Apr 18, 2026 14:30 UTC
Medium term

Generative AI is increasingly used for financial planning but remains prone to numerical errors and hallucinations. Experts suggest rigorous prompt engineering to improve the reliability of AI-generated advice.

  • AI excels at high-level overviews but fails at precise calculations
  • High adoption rates among Gen Z and Millennials for financial advice
  • Risk of authoritative-sounding but incorrect 'hallucinations'
  • Fiduciary-based prompting improves output quality
  • Manual verification is essential for all financial AI outputs

Andrew Lo, director of MIT's Laboratory for Financial Engineering, warns that the utility of generative AI in personal finance depends heavily on the quality of the user's prompts.

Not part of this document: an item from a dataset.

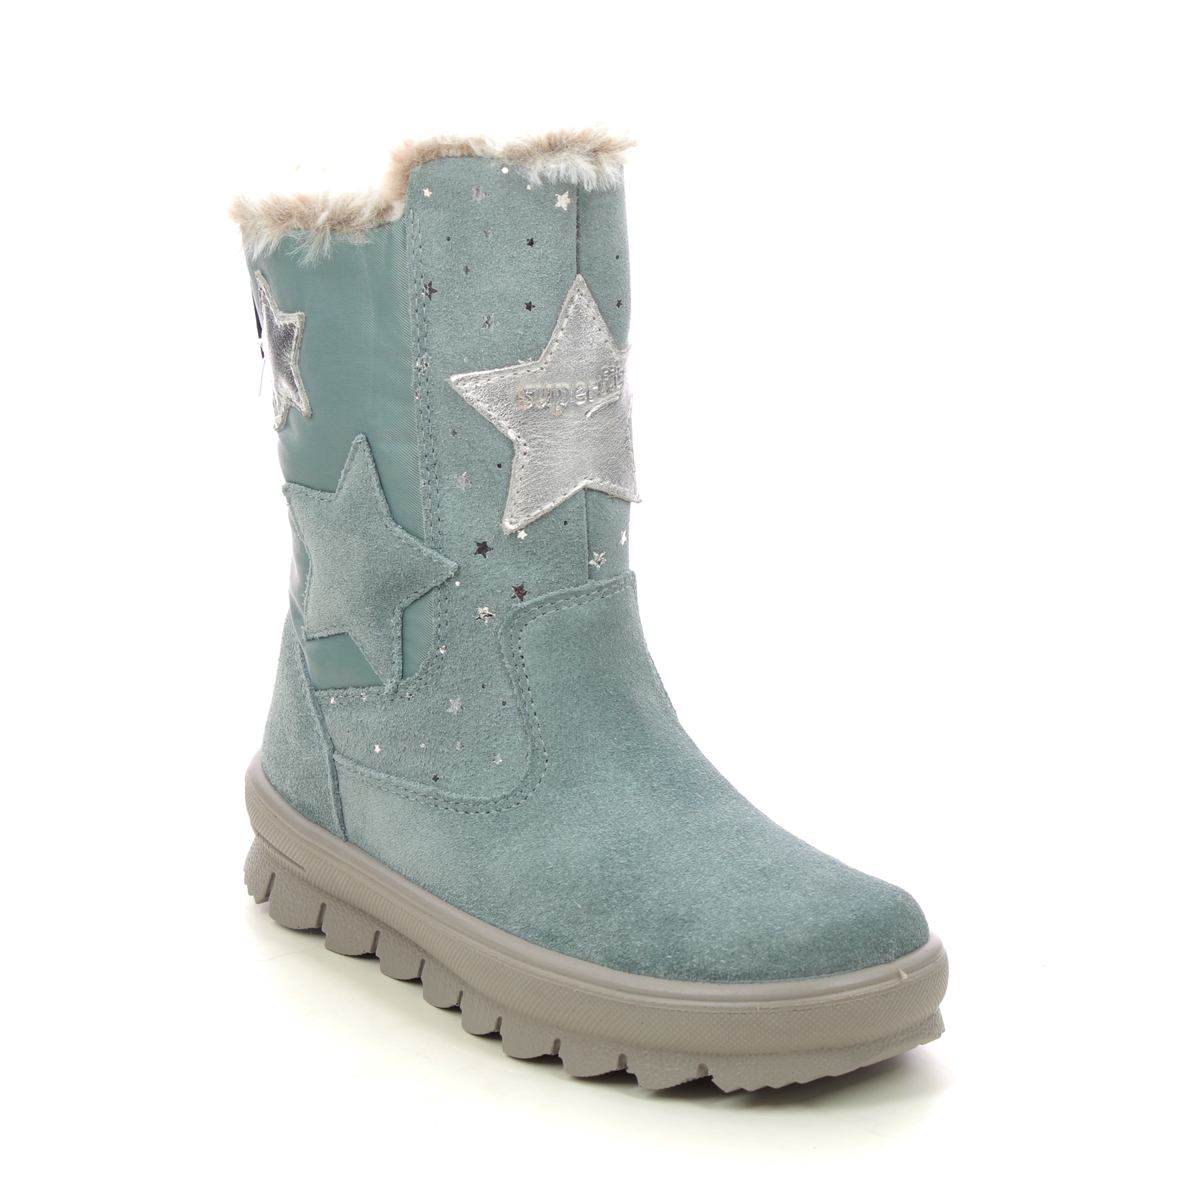 Superfit Flavia Star Gtx Blue Suede Kids Girls Boots 1000219-7500 In Size 31 In Plain Blue Suede For kids

While tools like ChatGPT, Claude, and Gemini can explain broad concepts such as investment diversification or the benefits of ETFs, they often struggle with precise mathematical tasks. The risk is particularly high in tax planning and specific numerical calculations. Lo notes that large language models (LLMs) often produce 'hallucinations,' delivering incorrect answers with a tone of authority that can mislead unsuspecting users who may not double-check the output. The trend toward AI-driven finance is growing rapidly. According to an Intuit Credit Karma poll of 1,019 adults, 66% of generative AI users have sought financial advice from these tools, with adoption exceeding 80% among Millennials and Generation Z. Alarmingly, approximately 85% of those users acted on the AI's recommendations. To improve outcomes, Lo suggests a 'science' of prompt engineering. Rather than asking generic questions, users should provide detailed constraints, including tax brackets, risk tolerance, and specific goals. He recommends instructing the AI to act as a 'fee-only fiduciary,' forcing the model to frame advice within a legal standard of the client's best interest. Ultimately, Lo emphasizes that AI should be treated as a conversational tool requiring iterative prompting—sometimes over 20 exchanges—and rigorous manual verification of all outputs to ensure accuracy in personal financial planning.